Nella stanza c’era soltanto un lungo blocco di pietra al centro del pavimento. Faile giaceva su quel blocco, come addormentata, i capelli neri allargati a ventaglio, il corpo così avvolto in catene che Perrin impiegò un attimo a capire che la donna era nuda. Ogni catena era fissata alla pietra mediante un grosso anello.
Perrin quasi non si accorse d’essere entrato nella stanza, finché non toccò il viso di Faile, seguendone col dito il contorno dello zigomo.
Lei aprì gli occhi e gli sorrise. «Continuavo a sognare che saresti venuto, fabbro.»
«Ti libero in un momento, Faile.» Alzò il martello e fracassò un anello come se fosse di legno.
«Ne ero sicura. Perrin.»
Mentre il nome svaniva, anche Faile svanì. Con rumore di ferraglia le catene ricaddero sulla pietra dove lei era distesa.

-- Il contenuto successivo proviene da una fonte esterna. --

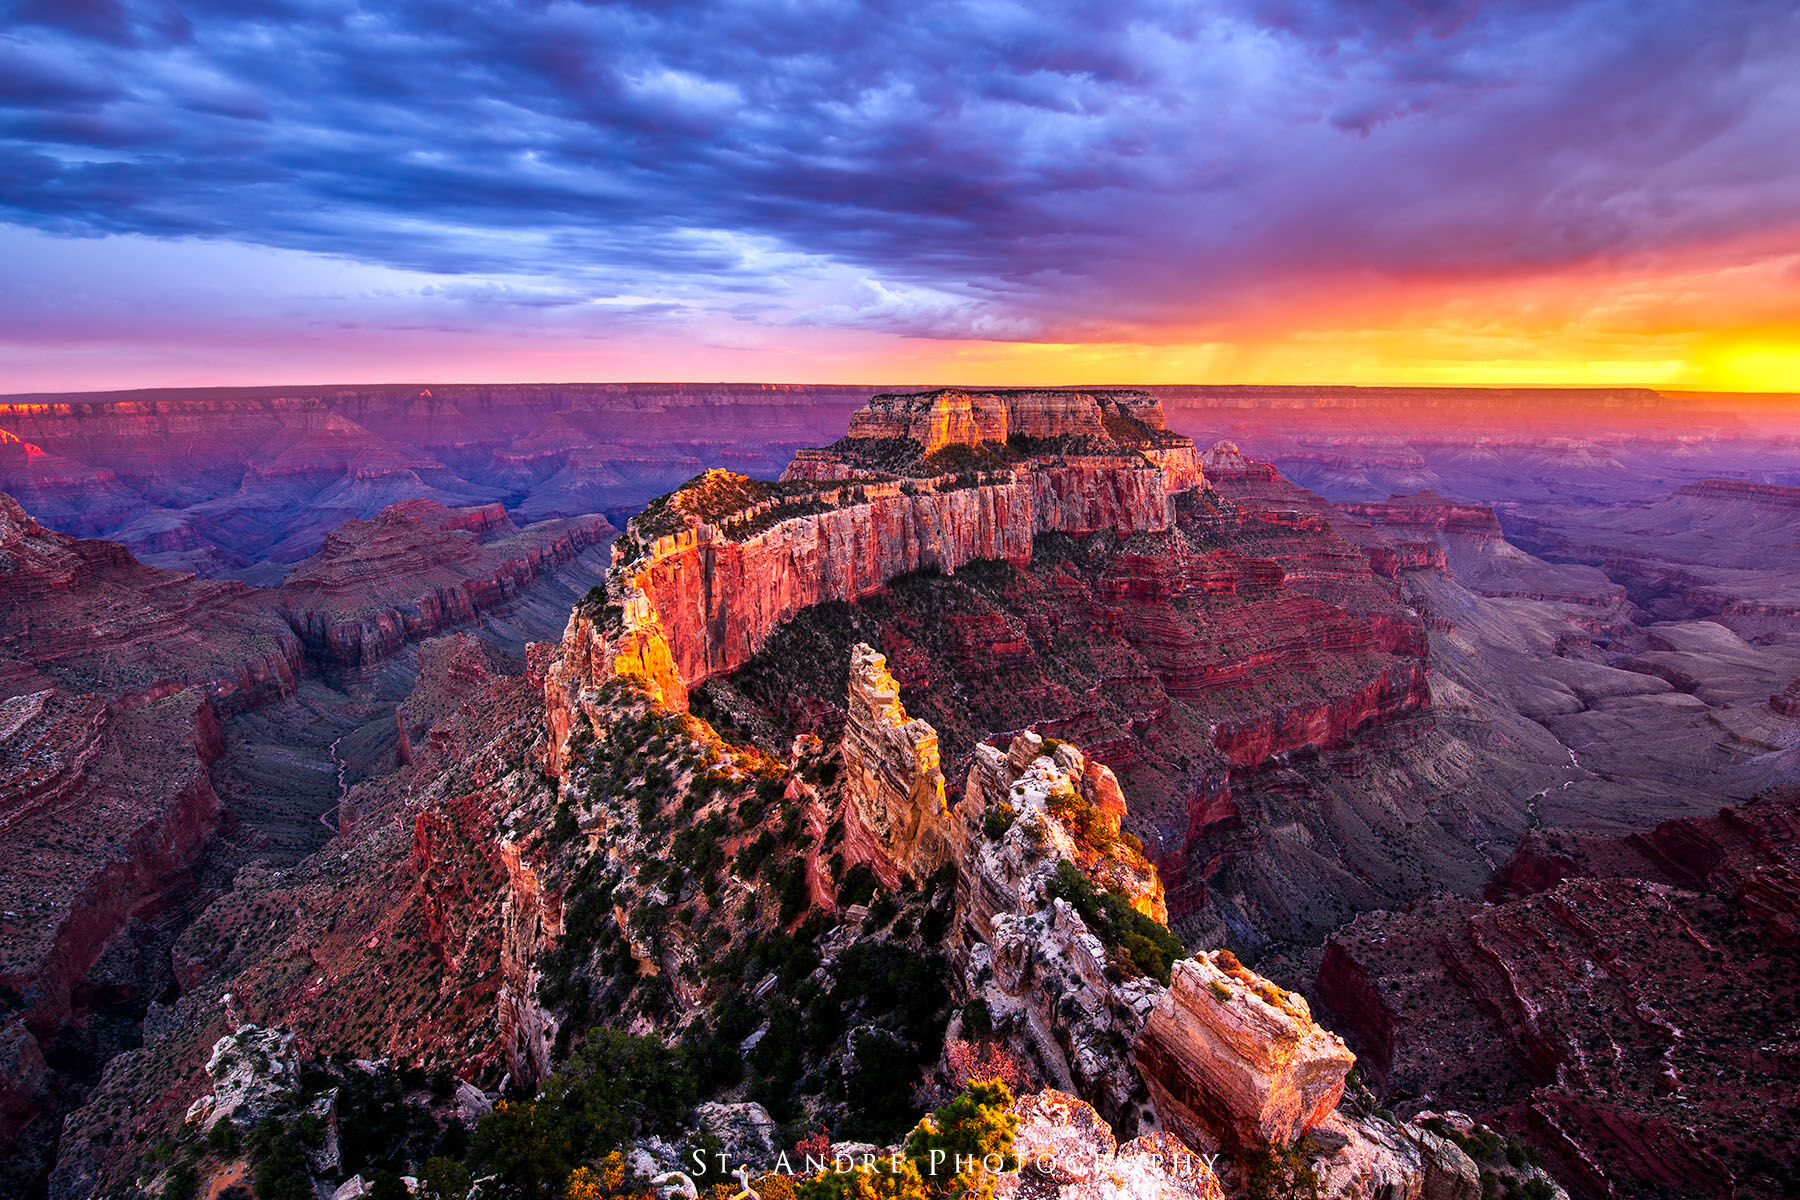 Cape Royal, Wotons Throne a large slender mesa juts into the grand canyon and is lit up by side light from a colorful sunset

«No!» gridò Perrin. «L’ho trovata!»
«Il sogno non è come il mondo di carne, Giovane Toro. Qui la stessa caccia può avere molte conclusioni.»
Perrin non si girò a guardare Hopper. Aveva snudato i denti in un ringhio. Alzò di nuovo il martello, lo calò con tutte le sue forze sulle catene che avevano imprigionato Faile. Il blocco si crepò in due; la Pietra stessa rintoccò come campana.
«Allora andrò di nuovo a caccia» ringhiò Perrin.
Martello in mano, uscì dalla stanza, con Hopper a fianco. La Pietra era un luogo di uomini: e gli uomini, lo sapeva, sono cacciatori più crudeli perfino dei lupi.
Da qualche parte, più in alto, i gong d’allarme mandarono sonori rintocchi lungo il corridoio, senza soffocare del tutto il clangore di metallo contro metallo e le grida di uomini che combattevano non molto lontano. Aiel e Difensori, sospettò Mat. Alti portalampade d’oro, ciascuno con quattro lanterne, fiancheggiavano il corridoio e arazzi di seta con scene di guerra erano appesi alle levigate pareti di pietra. Per terra c’erano tappeti di seta, rosso scuro su blu scuro, col disegno del labirinto tairenese. Una volta tanto, Mat era troppo preso per dare un prezzo a ogni arredo.
"Questo maledetto è abile” pensò, deviando una puntonata di spada; ma fu costretto a cambiare in parata il colpo che con l’altra estremità del bastone voleva indirizzare contro la testa dell’avversario. “Non sarà uno di quei maledetti Sommi Signori?" Riuscì quasi a centrarlo al ginocchio, ma l’uomo balzò indietro e alzò in posizione di guardia la spada a lama dritta.